From Tokenmaxxing to Tokenminimizing: Big Tech Discovers That AI is Too Expensive
The obsession with tokenmaxxing seems to have worn off. A year ago, big tech companies were organizing internal rankings to reward employees based on AI tokens consumed; today, AT&T, Meta, Uber, Walmart, and Amazon are imposing spending limits, and the term that describes the turnaround has become its opposite: tokenminimizing.
The shift has concrete causes. The companies most aggressive about AI spending now spend $7,500 per employee per month; agentic tools, which recall the model in repeated cycles, have tripled enterprise bills even as the cost per single token collapsed, resulting in unit price savings being entirely absorbed by volume.
Business Cases
Uber exhausted its entire annual AI budget for 2026 by April and is now applying a cap of $1,500 per month per tool for employees. Meta has sharply reversed direction: after months in which the teams competed to see who consumed the most, it is reducing spending on Anthropic and other internal AI tools. AT&T has limited some employees' access to GitHub Copilot. Walmart has introduced a fixed token allocation for Code Puppy, its internal agent, where consumption was previously unlimited. Amazon has eliminated its internal ranking on AI usage after employees manipulated it: to climb the ranks, they were submitting artificial tasks to the model, inflating counters without producing real value and driving computation costs through the roof. Microsoft has found a similar dynamic on an individual scale: some engineers were spending between $500 and $2,000 per month just on Claude Code tokens.

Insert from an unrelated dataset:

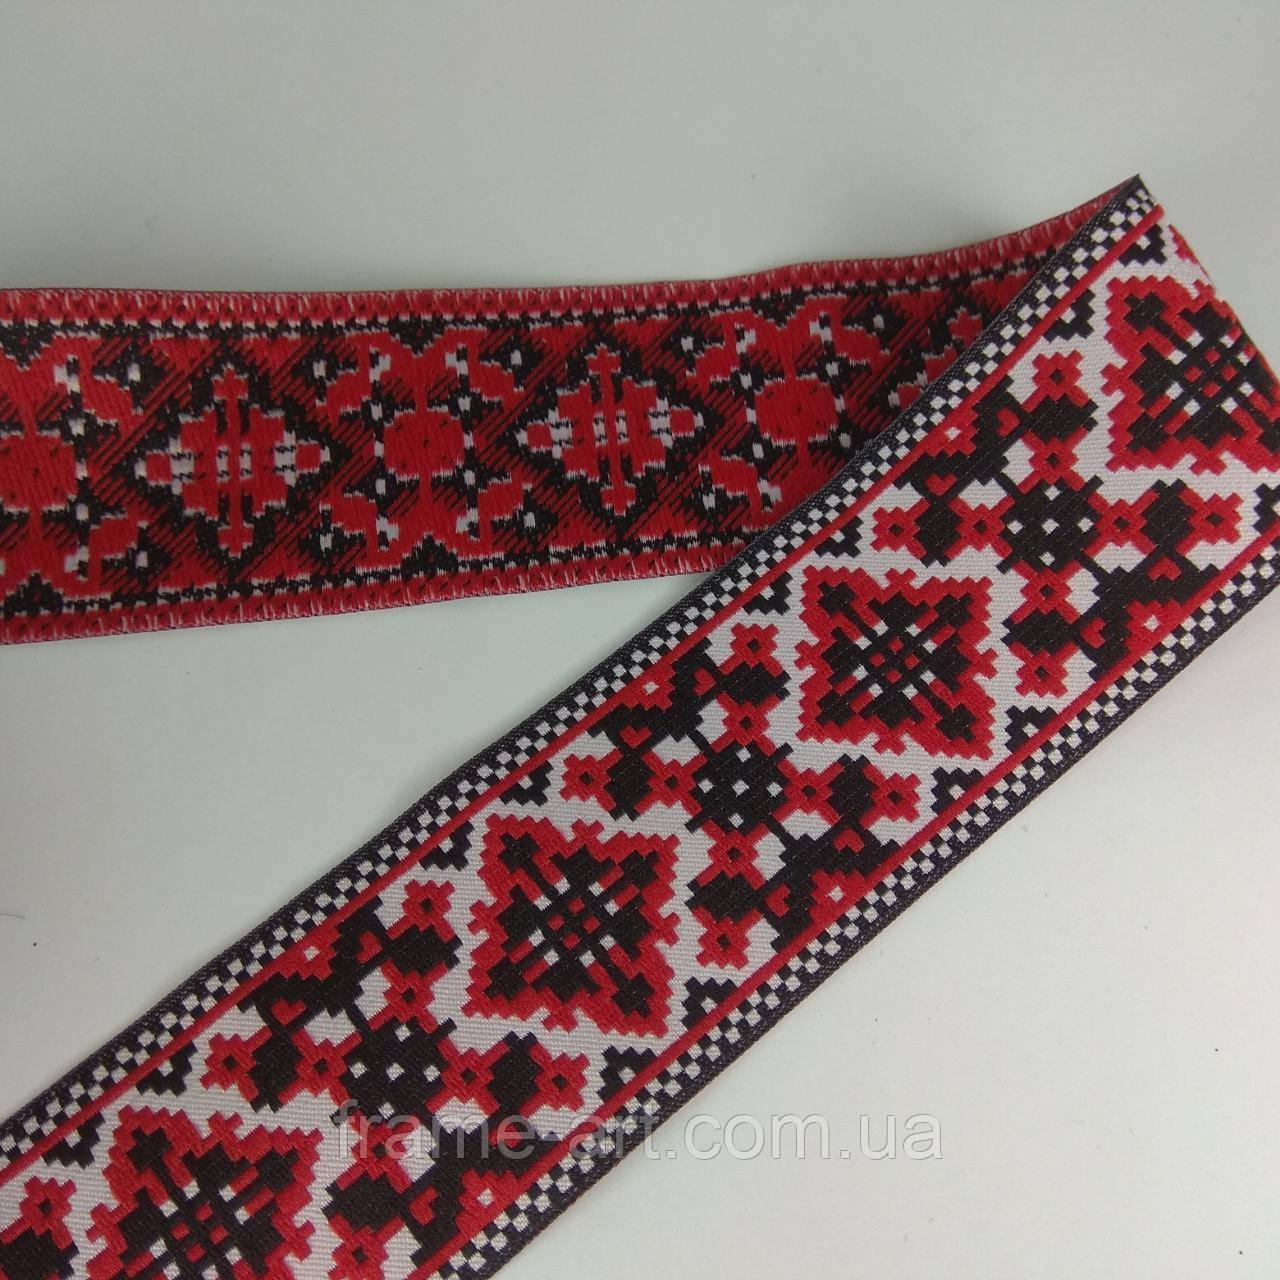 Прошва Украинская вышивка №26 50мм красная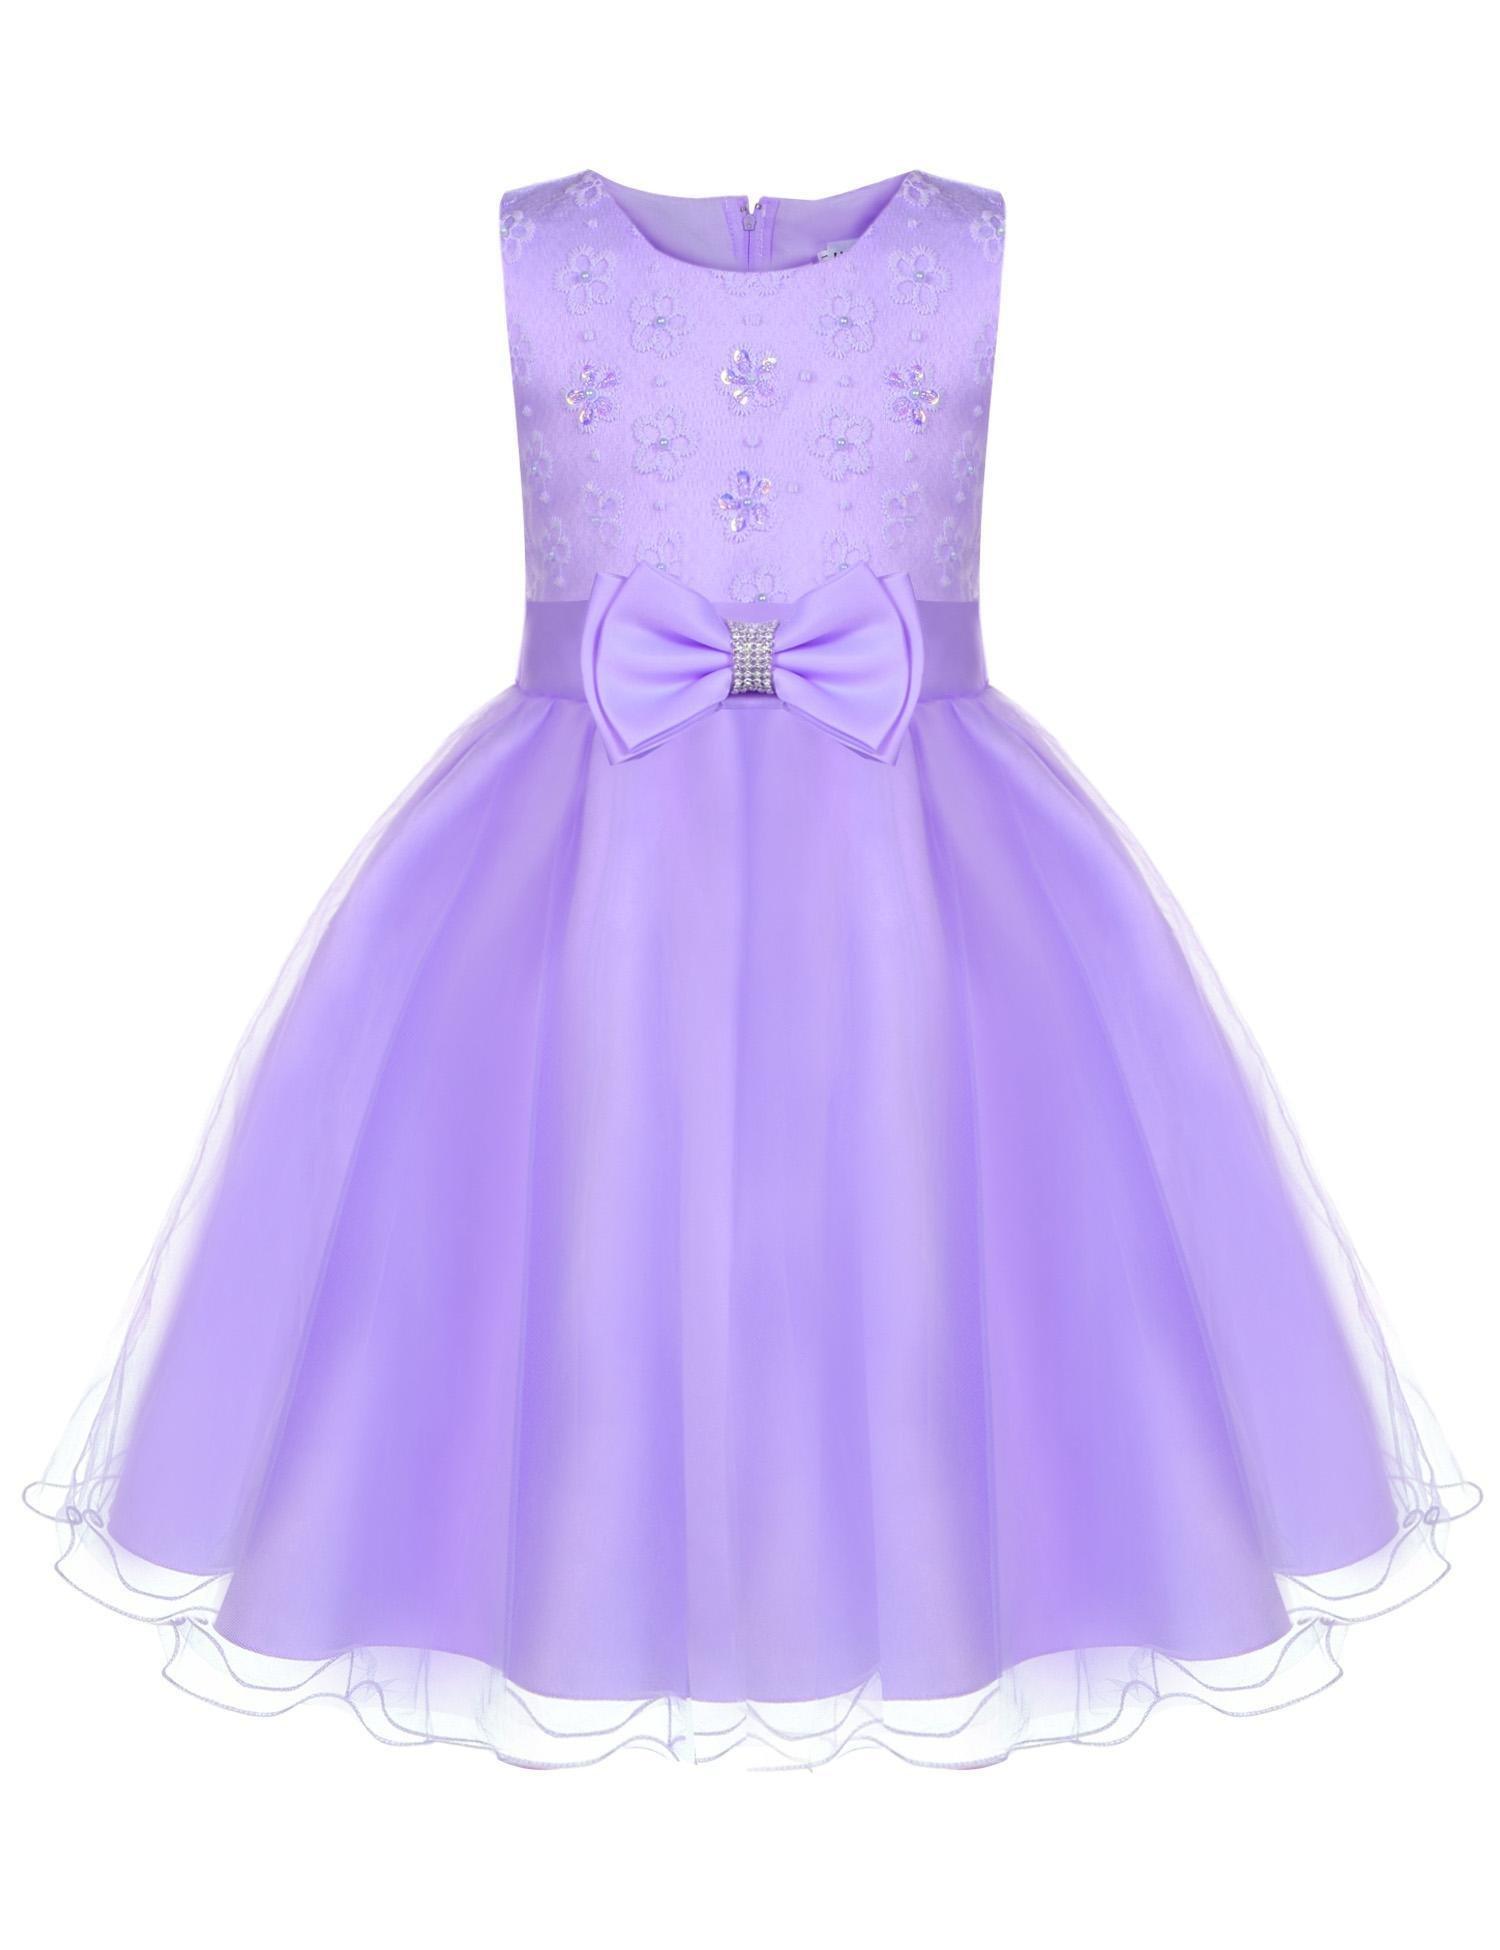 d02f61248 Galleon - DonKap Girls Lace Wedding Party Dresses Flower Girl Birthday Dress  Purple 7-8Y

How Companies Control Costs
To reduce bills without cutting access, companies are adopting three approaches. The first lever is the shift to economical models: for simpler tasks, they are abandoning frontier models in favor of open-source or low-cost alternatives. The second is centralized spending control: Microsoft and Databricks have launched gateway tools to monitor and limit staff's AI consumption in real-time. The third is the automatic task routing: Factory, funded by Nvidia and valued at $1.5 billion, has just launched a model router that directs less complex tasks to cheaper models.
Satya Nadella framed the risk of concentration in a recent essay: "The last thing we want is a world where every company in every industry surrenders value to a few models that devour everything they see." Spending limits control costs, but they also risk slowing the productivity gains that justified the investment.